Pour cette raison, Kant associe cette loi à l’absence de vie de la matière en elle même. La vie, pour Kant, est nécessairement liée aux sentiments internes, car le désir est le seul principe intérieur capable de déterminer des changements et de transformer la condition de la substance. Ce que la science de la nature fait est de séparer la vie et la matière, afin de purifier l’intervention de toute cause efficiente. C’est seulement ainsi que lui est apparu possible de constituer proprement une science de la nature et de comprendre l’action spécifique des causes. Sur la loi de l’inertie, justement en ce qu'elle considère la vie comme une propriété séparable de la matière, repose entièrement, dit Kant, « la possibilité d’une science de la nature proprement dite » (Kant, 1985b : 466 ; Ak. IV, 544).

Comme conséquence de la loi de l’inertie et sous-jacente, une autre loi s’est constituée, celle de la continuité. Elle régule les changements de vitesse quand la matière se trouve assujettie à l’action d’une cause extérieure. L’action de cette cause fait que la matière abandonne son état d’inertie – de repos ou de mouvement rectiligne uniforme. L’effet de l’action continue d’une force motrice en un certain instant fait en sorte que la vitesse se modifie, passant par une série infinie d’états intermédiaires. L’indice de modification de la vitesse en fonction de l’instant d’application de la force s’appelle accélération.

Nous rencontrons ici à nouveau le principe de la grandeur intensive régulant les modifications qui se produisent dans le domaine de la mécanique, puisqu’il fonde légitimement le concept d’accélération. Son action est, ainsi, présente dans toute la

philosophie de la nature. Une fois encore est renforcée la thèse selon laquelle ce principe permet à Kant de structurer toute sa philosophie transcendantale de la science.

La troisième loi de la mécanique, la loi de l’action et de la réaction, se fonde sur le principe métaphysique général de simultanéité selon la loi de l’action réciproque, la troisième analogie de l’expérience. Cette loi établit que tout phénomène des sens externes est cause et effet en même temps et dans la même mesure. Une autre loi s’impose alors, à celle-ci pour que la condition de réciprocité soit entièrement satisfaite : la conservation de la quantité du mouvement. Comme résultat de l’égalité d’action et de réaction dans le choc entre deux matières, la quantité de mouvement du système constitué par les deux masses se conserve. Ainsi, après le choc, les vitesses se distribuent de manière inversement proportionnelle aux masses, de façon à maintenir constante la quantité de mouvement.
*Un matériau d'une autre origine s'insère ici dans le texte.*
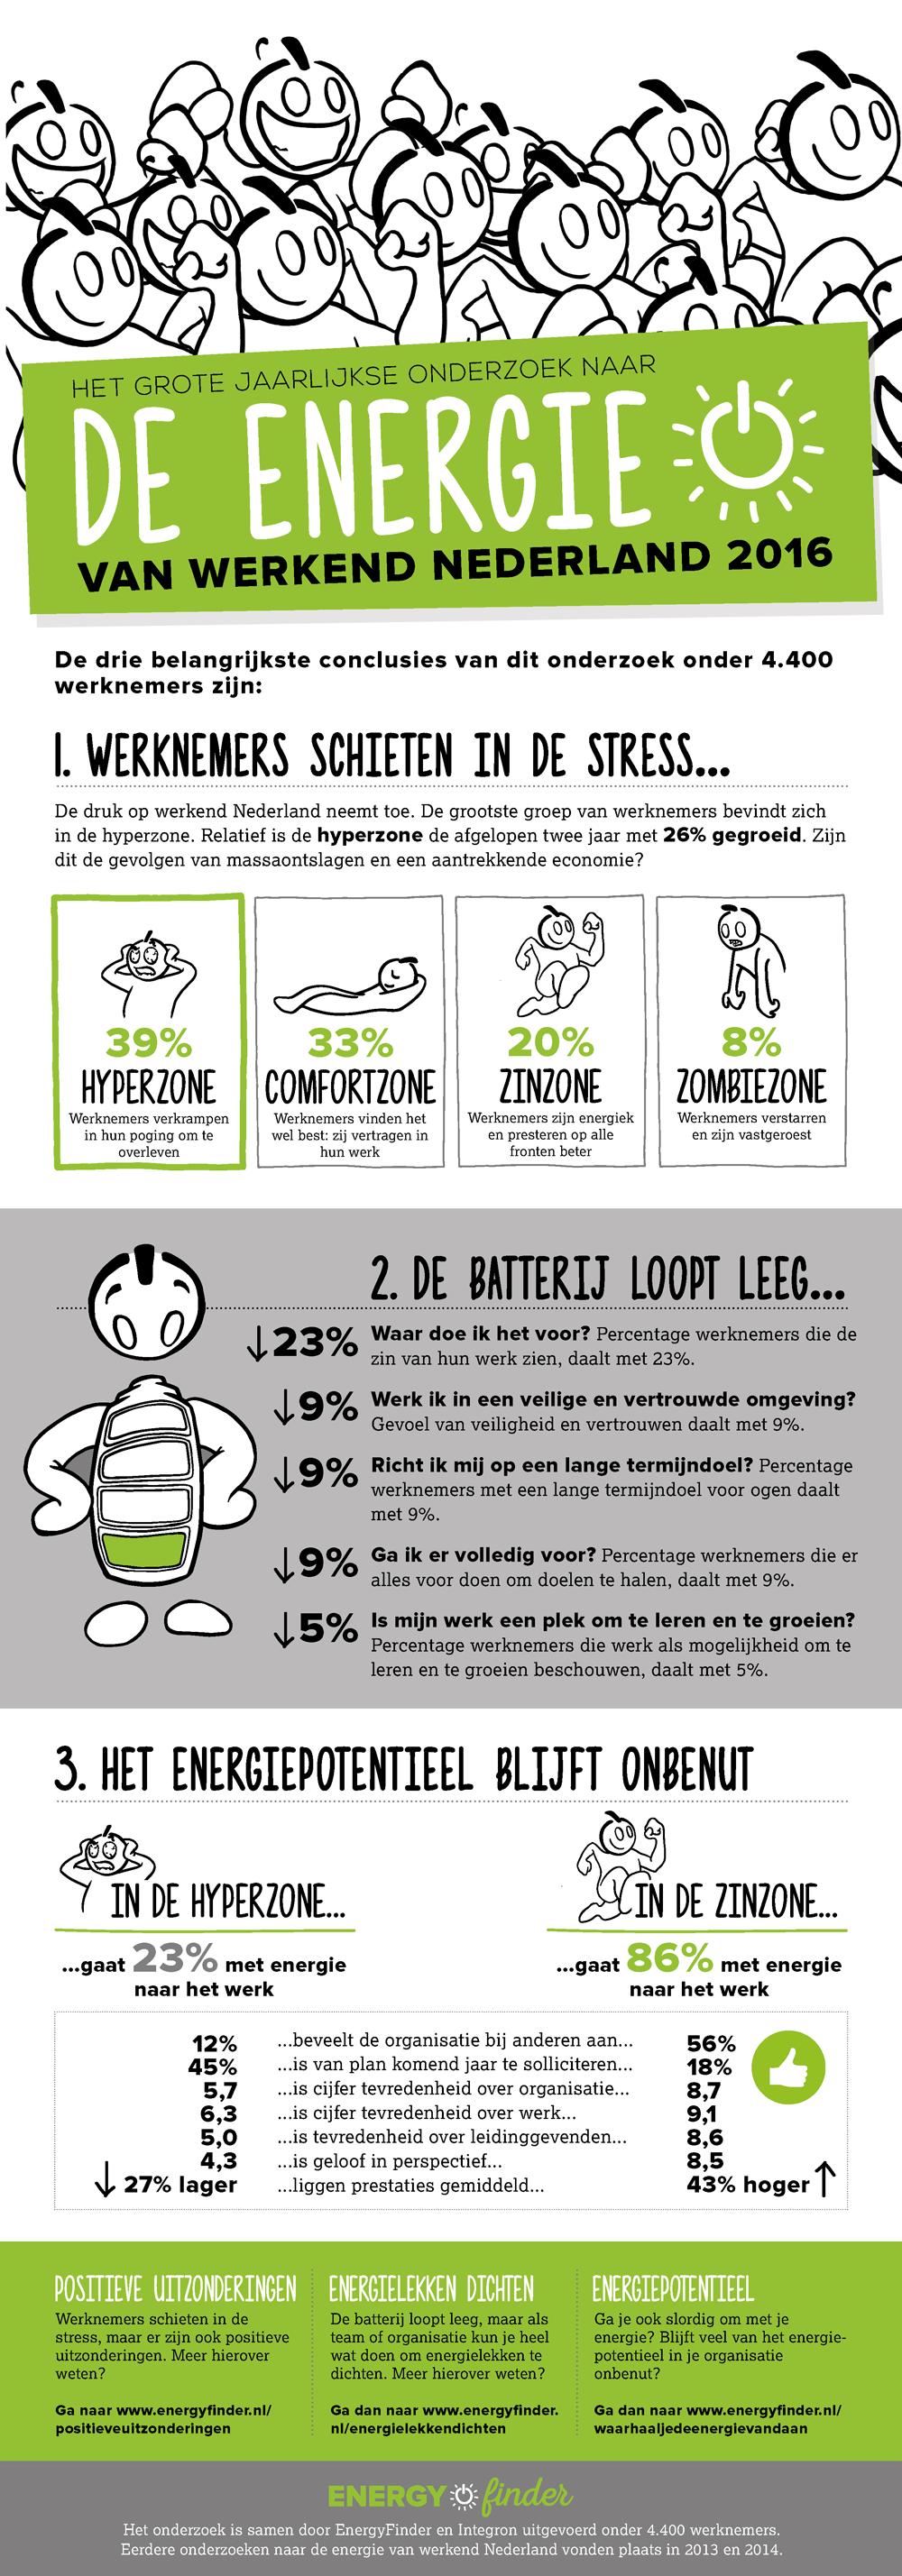 Infographic De energie van weekend Nederland
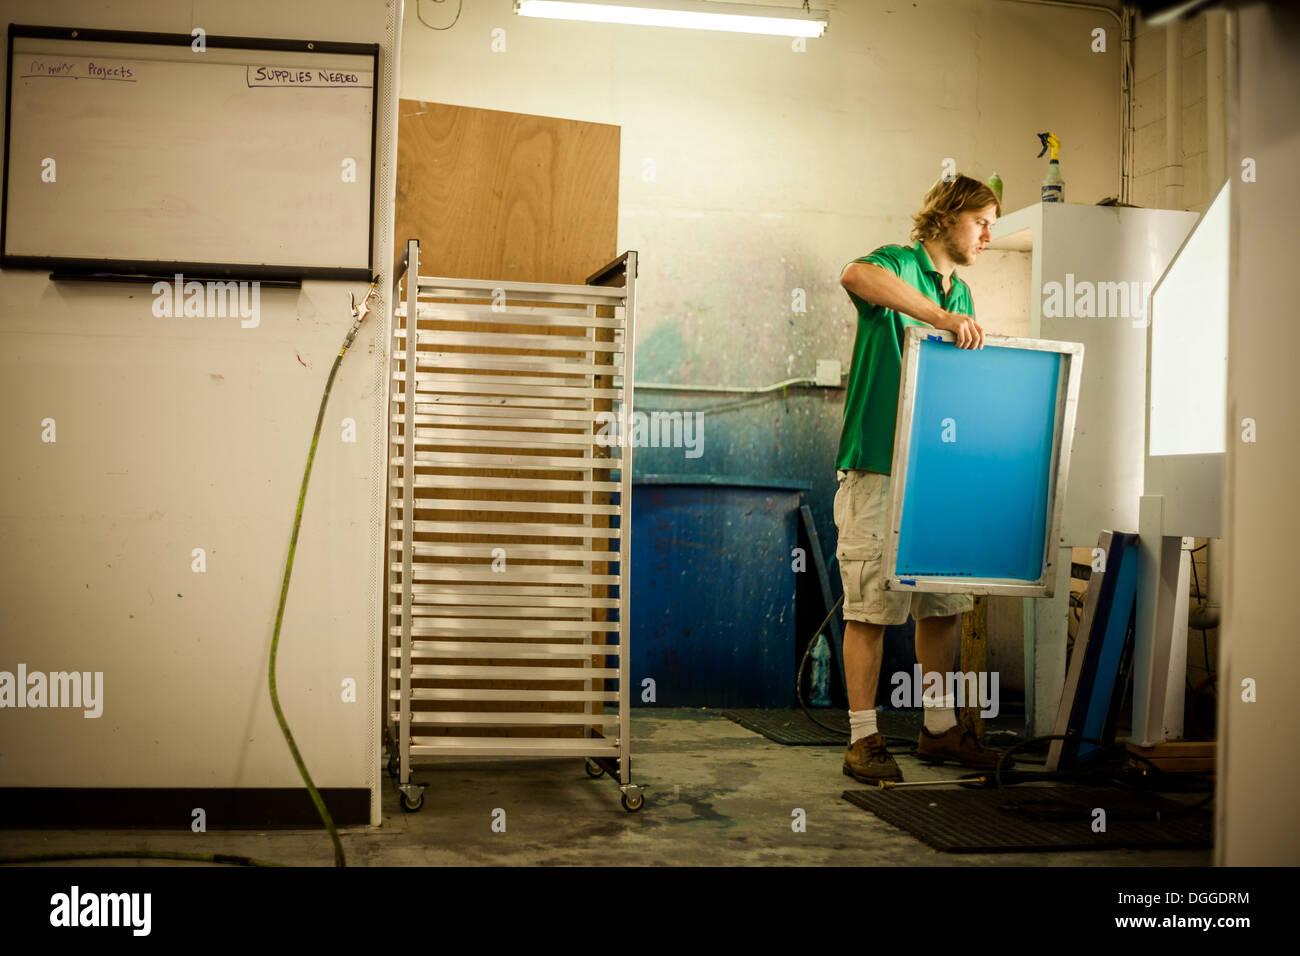 Mann im Bildschirm Druckwerkstatt Halterahmen Stockbild

La majorité des théoriciens avant Kant, et même Newton, considérait la loi de quantité du mouvement comme le résultat direct de l’expérience, par le simple fait que l’expérience la confirme. Mais, avec Kant, nous sommes très loin d'une telle affirmation. Cette loi est plutôt une condition d’intelligibilité des phénomènes. C’est elle qui rend alors l’expérience possible. Au lieu d’emprunter la loi de l’expérience ou même, de conclure la loi à partir des phénomènes, Kant déduit l’ordre des phénomènes à partir de la loi. Avec les Premiers principes métaphysiques de la science de la nature, il prétend réaliser la preuve que la science se fonde sur la raison pure, démontrant que les lois de la mécanique newtonienne ont leur fondement, non dans la matière de l'expérience mais dans les principes de l’entendement pur. Ainsi, il veut confirmer, par la théorie scientifique elle-même, ce qu’il avait antérieurement développé dans la

Critique de la raison pure : si nous rencontrons des lois de la pensée dans la nature,

c’est parce que la nature se trouve imprégnée de pensée. C’est dans cette perspective que se place l’importance des Premiers principes Métaphysiques, faisant en sorte que nous ne jugeons pas cette œuvre à partir de l’état de la science actuelle, mais à partir de l’effort de Kant de montrer que les axiomes de la science sont des relations nécessaires, qui trouvent leur justification au-delà des faits, dans la structure même de la pensée.